According to the package insert:
Available data on COMIRNATY administered to pregnant women are insufficient to inform vaccine-associated risks in pregnancy.2
Researchers Call for a Pause on COVID vaccines in Pregnant Women
In April, The New England Journal of Medicine published an article which referenced a study believed to support vaccinating pregnant women against COVID. Many researchers have indicated that the data was used to incorrectly support a positive outcome. The fine print in the footnotes of table four indicate:
Data on pregnancy loss are based on 827 participants in the v-safe pregnancy registry who received an mRNA Covid-19 vaccine (BNT162b2 [Pfizer–BioNTech] or mRNA-1273 [Moderna]) from December 14, 2020, to February 28, 2021, and who reported a completed pregnancy. A total of 700 participants (84.6%) received their first eligible dose in the third trimester. Data on neonatal outcomes are based on 724 live-born infants, including 12 sets of multiples.3
If the study was published in April, we know that many of these live births were vaccinated during their third trimester, or near the very end of the second. This is indicated by the 700 participants listed above. The Table we are referring to is below:
A spontaneous abortion is also known as a miscarriage before 20 weeks. If there are 700 participants who were vaccinated in the third trimester, they wouldn’t qualify to be considered in the number with the possibility to experience a spontaneous abortion; they are post 20 weeks gestation at the time of vaccination. That leaves 127 participants eligible to be considered at the most. The table indicates 104 spontaneous abortions before 20 weeks. 104/127 is 81.8%. That is well outside of the number of anticipated miscarriages of any health agency.

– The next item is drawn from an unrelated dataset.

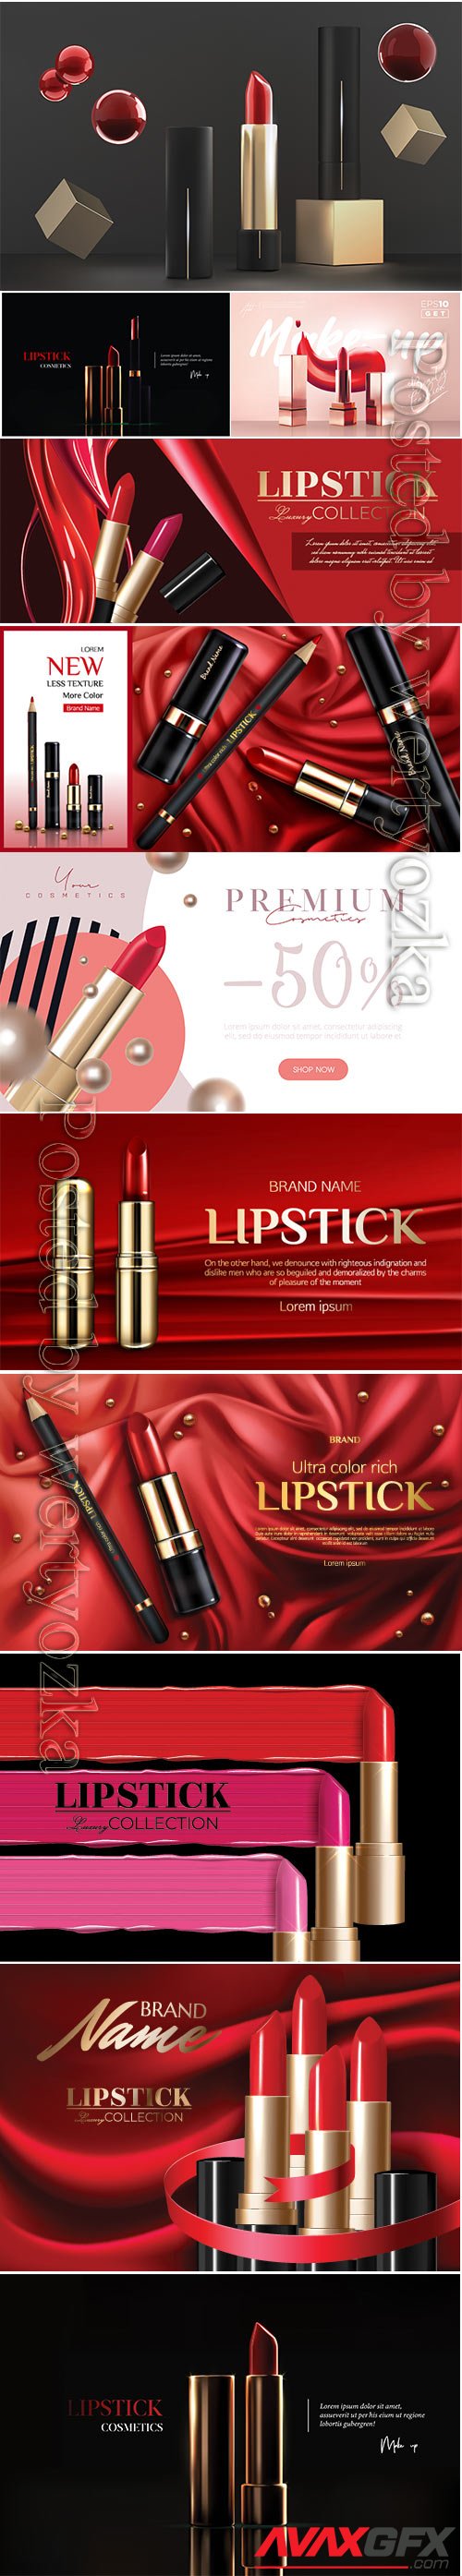 Fashion lipstick make-up banner vector illustration

This week, researchers Dr. Aleisha R. Brock and Dr. Simon Thornley commented on this article by publishing their review of the study which raised not just this concern with data manipulation, but others as well. As a result, the New England Journal of Medicine published a correction, however significantly diluted from the robust analysis provided by Brock and Thornley.

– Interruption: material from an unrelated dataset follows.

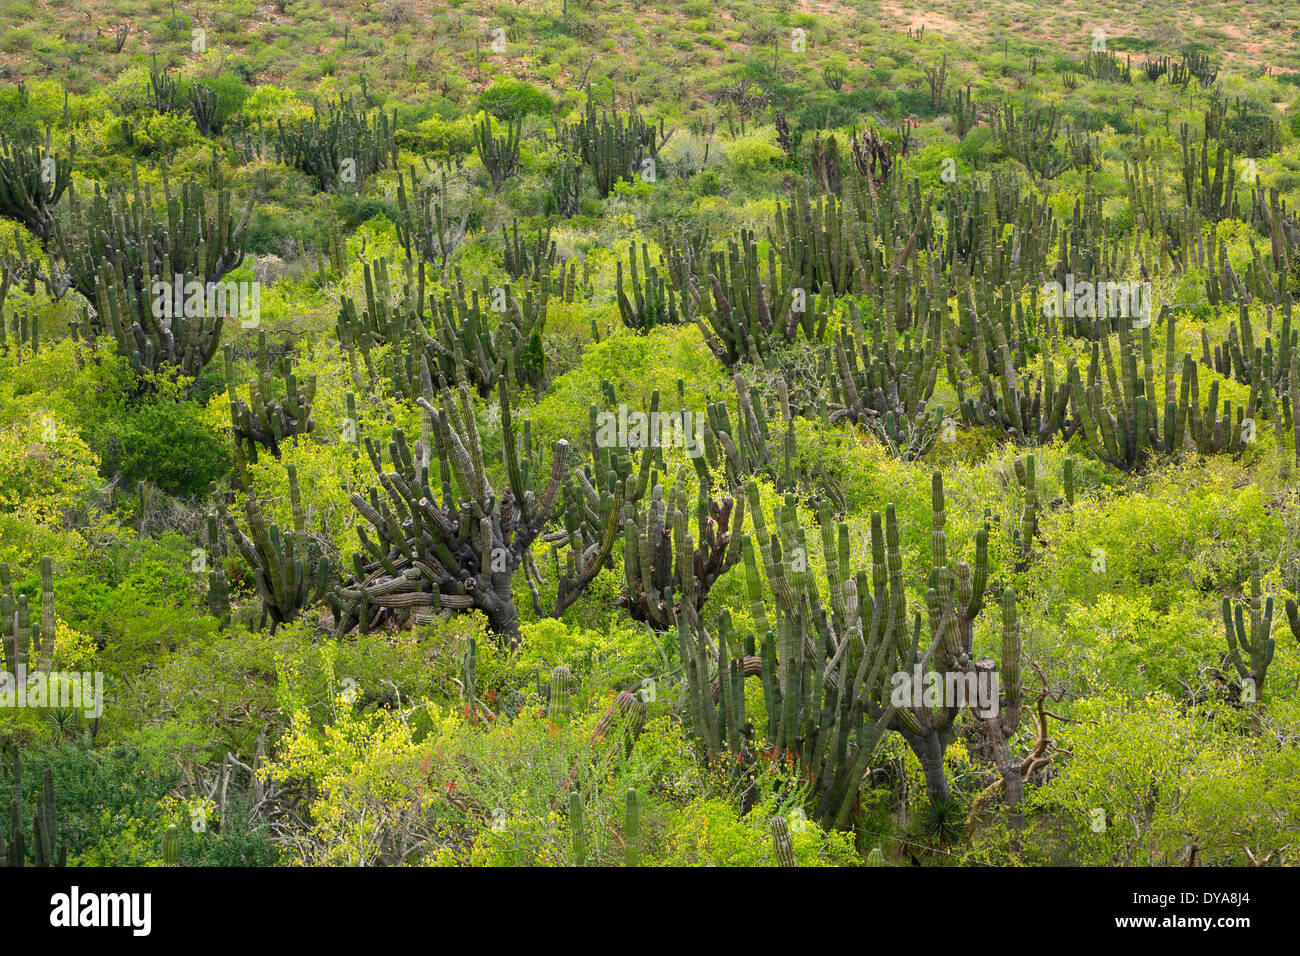 Cardon Cactus, Pachycereus pringlei, Baja, Mexico, Central America, desert, cactus, succulent, dry Stock Photo

Brock and Thornley “question the conclusion of the study”:
“The assumption that exposure in the third trimester cohort is representative of the effect of exposure throughout pregnancy is questionable and ignores past experience with drugs such as thalidomide. Evidence of safety of the product when used in the first and second trimesters cannot be established until these cohorts have been followed to at least the perinatal period or long-term safety determined for any of the babies born to mothers inoculated during pregnancy.”
Dr Thornley continues:
“Since the risk of fatality or severe outcome following COVID-19 infection is generally extremely low for younger people, including those who are pregnant, we caution against the use of the vaccine, given the substantial uncertainty that exists.”